Harvard Hosts 3-Day Prison Education Conference

By Rachel Leber

CAMBRIDGE, Mass. — Thanks to the relationships that Harvard has fostered with correctional facilities over the years, formerly incarcerated students and activists gathered this week on the Harvard University campus to discuss prison education. These discussions and more took place during the three-day conference called, “Beyond The Gates: The Past and Future of Prison Education at Harvard,” on March 5, 6 and 7.

The overall goals of the conference were to formalize efforts to reintroduce and sustain integrated classrooms in local prisons as part of a curriculum for college credit — an important factor in reducing mass incarceration, according to Kaia Stern, co-founder of the Harvard Prison Studies Project in a recent article from the Harvard Gazette.

Stern has been working since 2008 to bring students from Harvard into the Norfolk and Framingham correctional facilities to learn alongside students from Boston University’s Prison Education Program. Stern also co-founded the Prison Studies Project around the same time with Bruce Western, a former Harvard professor of sociology.

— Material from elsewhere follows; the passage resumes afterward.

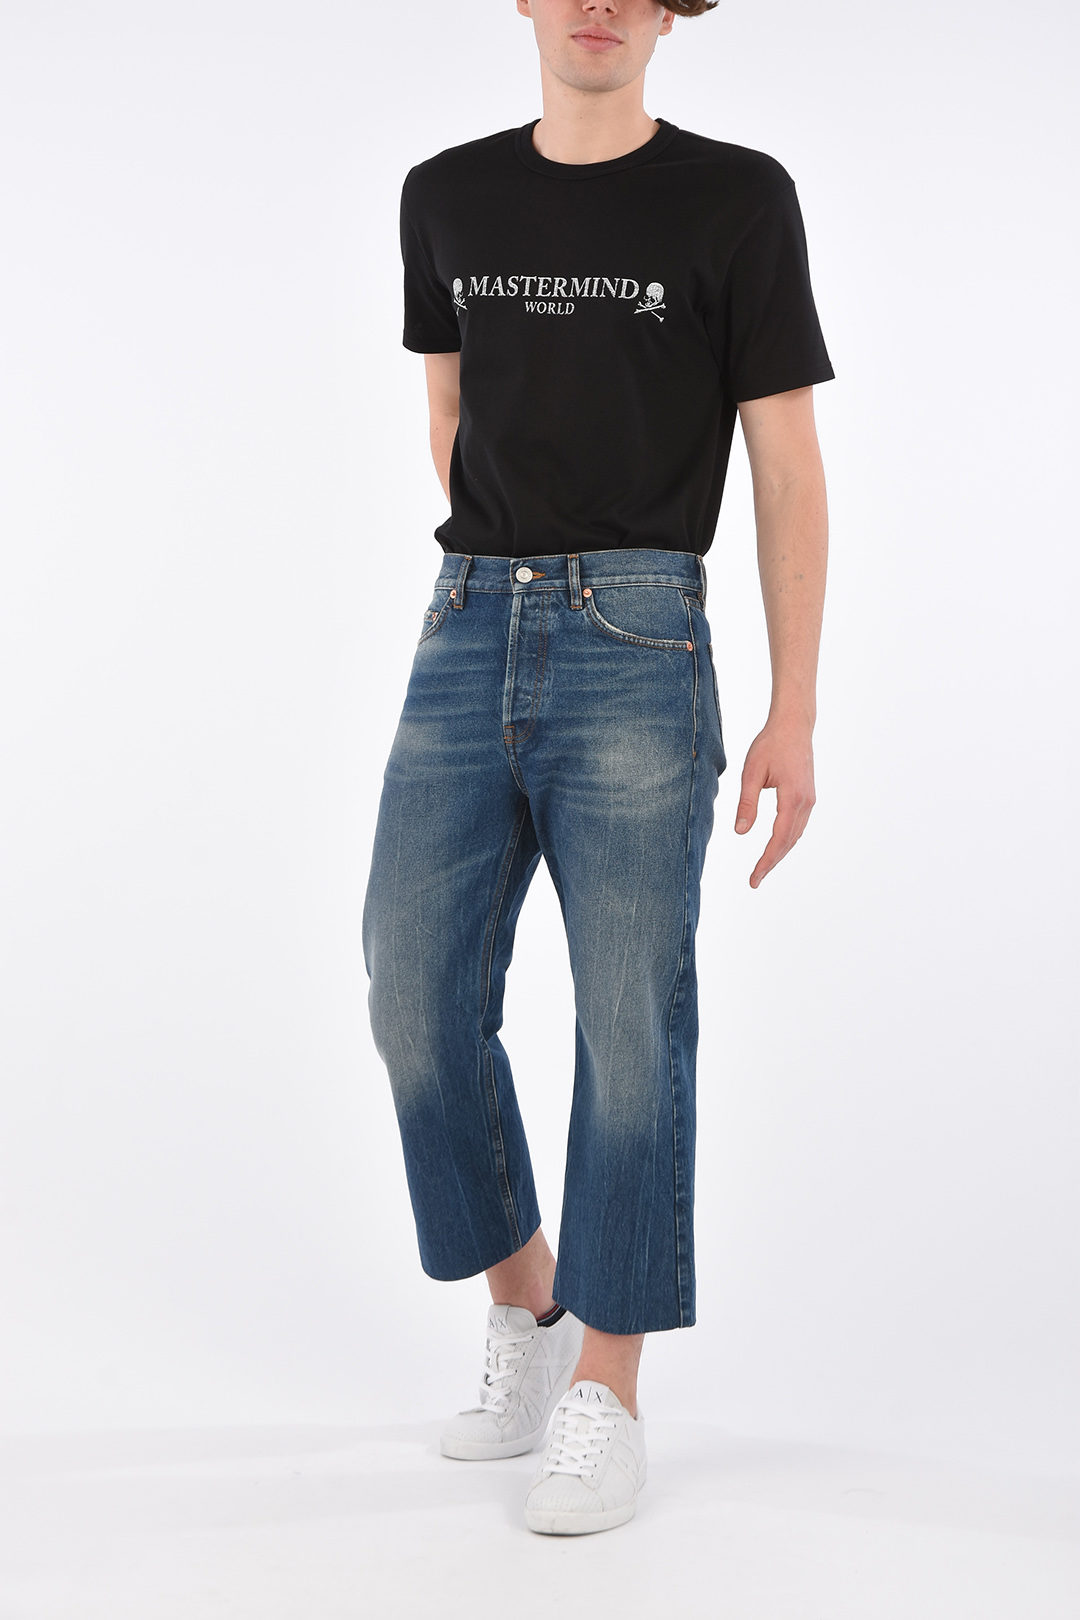 LRG Lifted Research Group Mens Jeans 34 Blue Cropped Denim Flap Pockets  Capri | eBay

The conference began on March 5, with an event chaired by Stern, in conjunction with Danielle Allen, professor at the James Bryant Conant University and director of the Edmond J. Safra Center for Ethics, as well as Michelle Jones of New York University and the Indiana Women’s Prison Higher Education Program. On Tuesday, March 6, a documentary titled “The Past and Future of Prison Education at Harvard,” which traces the university’s connections to prison education, premiered for free at 6 p.m. in Sanders Theatre.

The three-day conference is co-sponsored by the Mahindra Humanities Center’s Mellon Seminar on Violence and Non-Violence and the Hutchins Center for African & African American Studies, and began with a recorded debate between the Norfolk Prison Debating Society and the Harvard College Debating Union.

Harvard’s involvement with prisons dates back to 1833, when Divinity School students tutored inmates at Charlestown State Prison in Boston. In addition, the Norfolk Prison was designed to look like a college campus in order to foster a sense of community — accomplished by a Harvard alumnus named Howard Belding Gill in 1913. The Harvard Organization for Prison Education and Reform (HOPE) — founded in the 1950s — tutors men, women and juveniles at minimum- and medium-security facilities every week, and awards scholarships for college and post-college degree classes.